Starting at the line that has "Abbildung eines menschlichen" and stopping after the line that has "Parfüm Moschino Toy", reproduce the listing below exactly; omit everything else.

○ ○ ○ ○ ○ ○ ○

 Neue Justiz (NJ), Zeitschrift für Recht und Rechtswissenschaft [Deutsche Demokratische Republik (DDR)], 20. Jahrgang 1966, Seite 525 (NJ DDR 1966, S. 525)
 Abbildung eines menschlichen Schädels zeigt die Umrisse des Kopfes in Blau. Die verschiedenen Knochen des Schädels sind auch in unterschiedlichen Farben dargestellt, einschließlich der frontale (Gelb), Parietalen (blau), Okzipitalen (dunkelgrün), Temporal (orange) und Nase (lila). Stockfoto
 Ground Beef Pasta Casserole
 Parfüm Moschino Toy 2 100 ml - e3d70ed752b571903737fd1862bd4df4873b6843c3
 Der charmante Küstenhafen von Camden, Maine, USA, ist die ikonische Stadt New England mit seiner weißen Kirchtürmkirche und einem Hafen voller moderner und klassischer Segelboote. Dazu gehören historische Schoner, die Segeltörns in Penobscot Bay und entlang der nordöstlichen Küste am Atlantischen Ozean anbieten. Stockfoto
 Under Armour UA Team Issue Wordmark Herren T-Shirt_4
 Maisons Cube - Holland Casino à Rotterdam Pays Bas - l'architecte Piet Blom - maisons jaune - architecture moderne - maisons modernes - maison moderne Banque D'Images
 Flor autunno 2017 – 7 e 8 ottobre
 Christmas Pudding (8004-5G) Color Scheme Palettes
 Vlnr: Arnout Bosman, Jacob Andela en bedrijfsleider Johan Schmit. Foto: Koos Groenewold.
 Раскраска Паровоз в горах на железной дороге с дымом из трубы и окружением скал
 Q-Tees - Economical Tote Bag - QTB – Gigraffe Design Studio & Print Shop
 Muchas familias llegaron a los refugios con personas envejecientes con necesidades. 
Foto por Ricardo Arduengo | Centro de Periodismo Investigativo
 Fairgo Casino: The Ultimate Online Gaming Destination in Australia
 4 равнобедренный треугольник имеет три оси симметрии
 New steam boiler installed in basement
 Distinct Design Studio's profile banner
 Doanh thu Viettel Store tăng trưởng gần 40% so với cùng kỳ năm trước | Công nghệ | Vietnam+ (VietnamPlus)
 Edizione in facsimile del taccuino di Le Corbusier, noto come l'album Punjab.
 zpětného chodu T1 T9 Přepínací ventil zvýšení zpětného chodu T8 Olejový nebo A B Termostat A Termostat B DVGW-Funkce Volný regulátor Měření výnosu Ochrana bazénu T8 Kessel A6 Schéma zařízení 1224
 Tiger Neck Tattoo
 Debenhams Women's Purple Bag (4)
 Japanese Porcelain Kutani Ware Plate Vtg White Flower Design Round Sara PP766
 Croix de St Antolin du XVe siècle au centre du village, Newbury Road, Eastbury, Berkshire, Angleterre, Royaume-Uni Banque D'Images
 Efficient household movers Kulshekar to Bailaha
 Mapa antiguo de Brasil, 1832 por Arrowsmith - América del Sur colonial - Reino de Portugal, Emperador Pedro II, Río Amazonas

○ ○ ○ ○ ○ ○ ○

— Response —
 Abbildung eines menschlichen Schädels zeigt die Umrisse des Kopfes in Blau. Die verschiedenen Knochen des Schädels sind auch in unterschiedlichen Farben dargestellt, einschließlich der frontale (Gelb), Parietalen (blau), Okzipitalen (dunkelgrün), Temporal (orange) und Nase (lila). Stockfoto
 Ground Beef Pasta Casserole
 Parfüm Moschino Toy 2 100 ml - e3d70ed752b571903737fd1862bd4df4873b6843c3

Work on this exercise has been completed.